* _Data section_
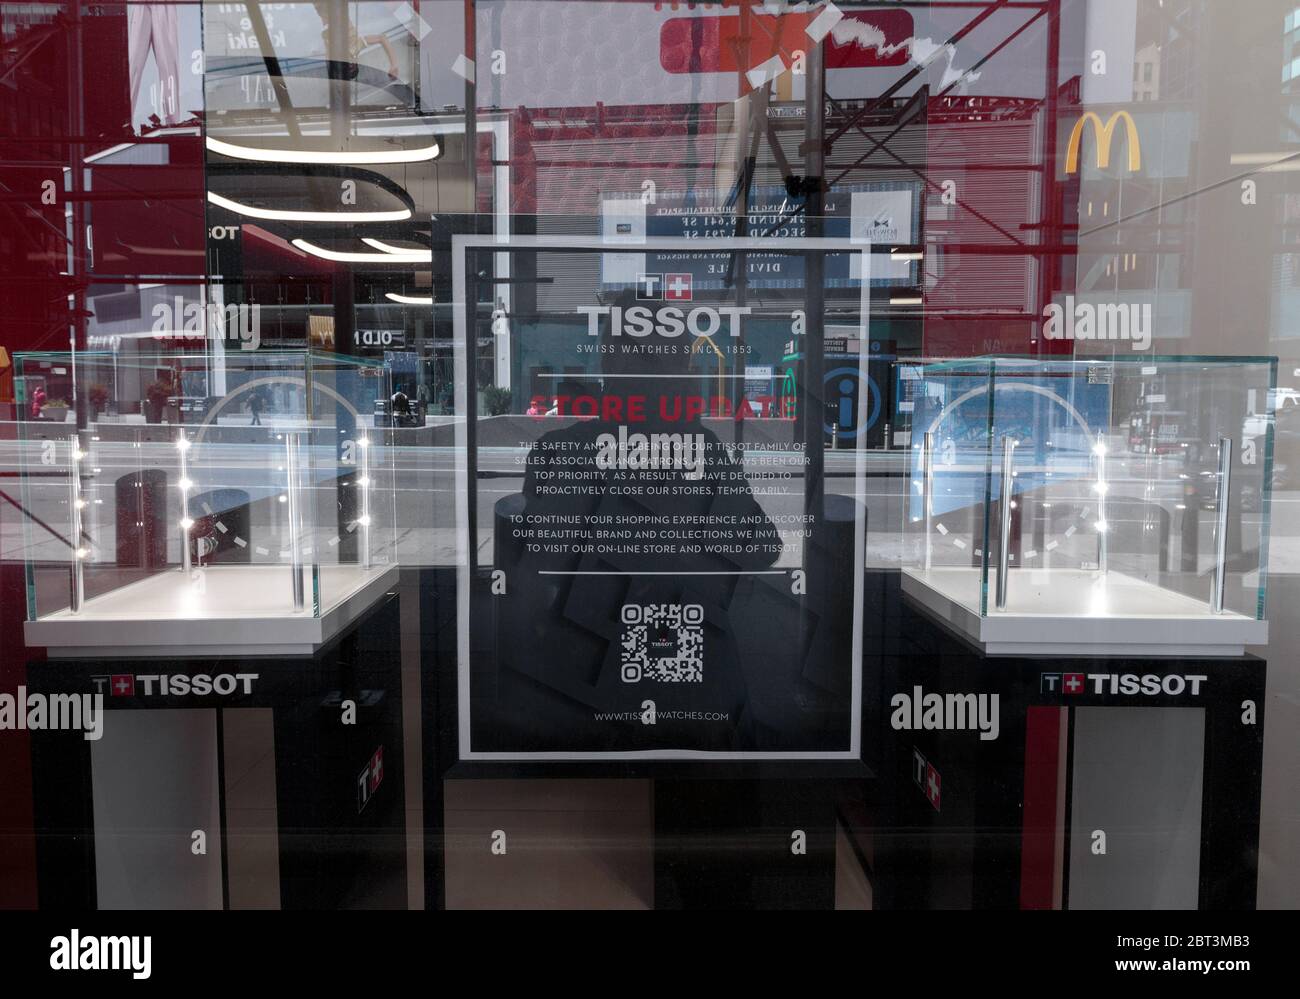 Signez au magasin Tissot de Times Square, une société de luxe suisse de montres, en indiquant qu'elle est temporairement fermée en raison de la pandémie du coronavirus ou du covid-19 Banque D'Images
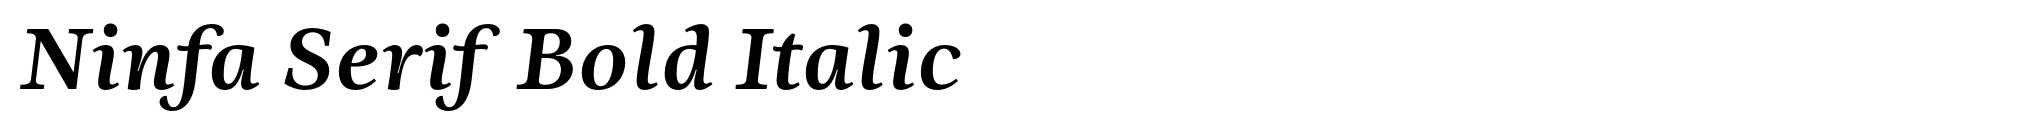 Ninfa Serif Bold Italic image
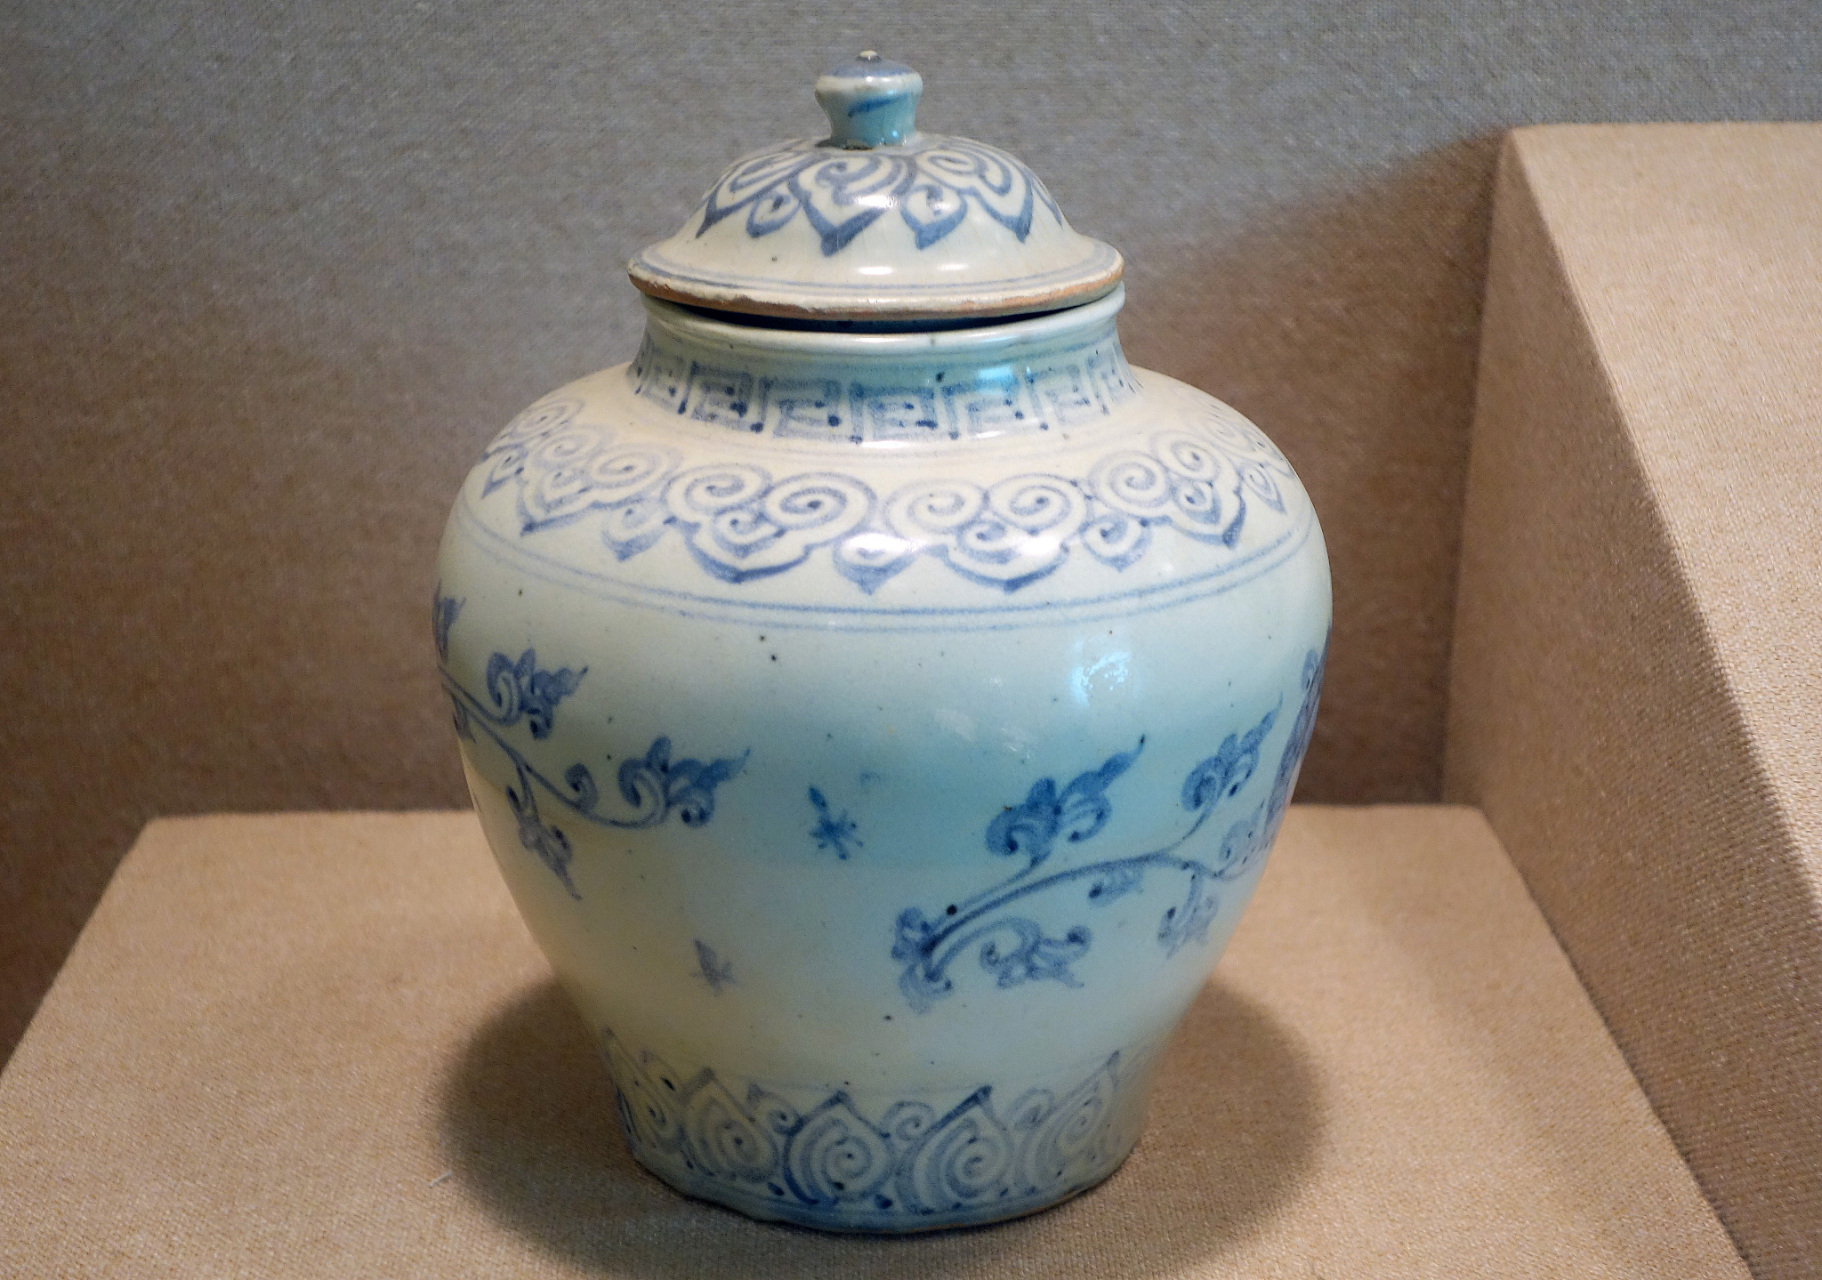 清朝时期酒坛子呈现多样化,有陶坛,瓷坛,竹筒和木桶等

* _Task details_
Copy the listing above word for word. Do not include the pictures.

* _Exercise solution_
 Signez au magasin Tissot de Times Square, une société de luxe suisse de montres, en indiquant qu'elle est temporairement fermée en raison de la pandémie du coronavirus ou du covid-19 Banque D'Images
 Ninfa Serif Bold Italic image
 清朝时期酒坛子呈现多样化,有陶坛,瓷坛,竹筒和木桶等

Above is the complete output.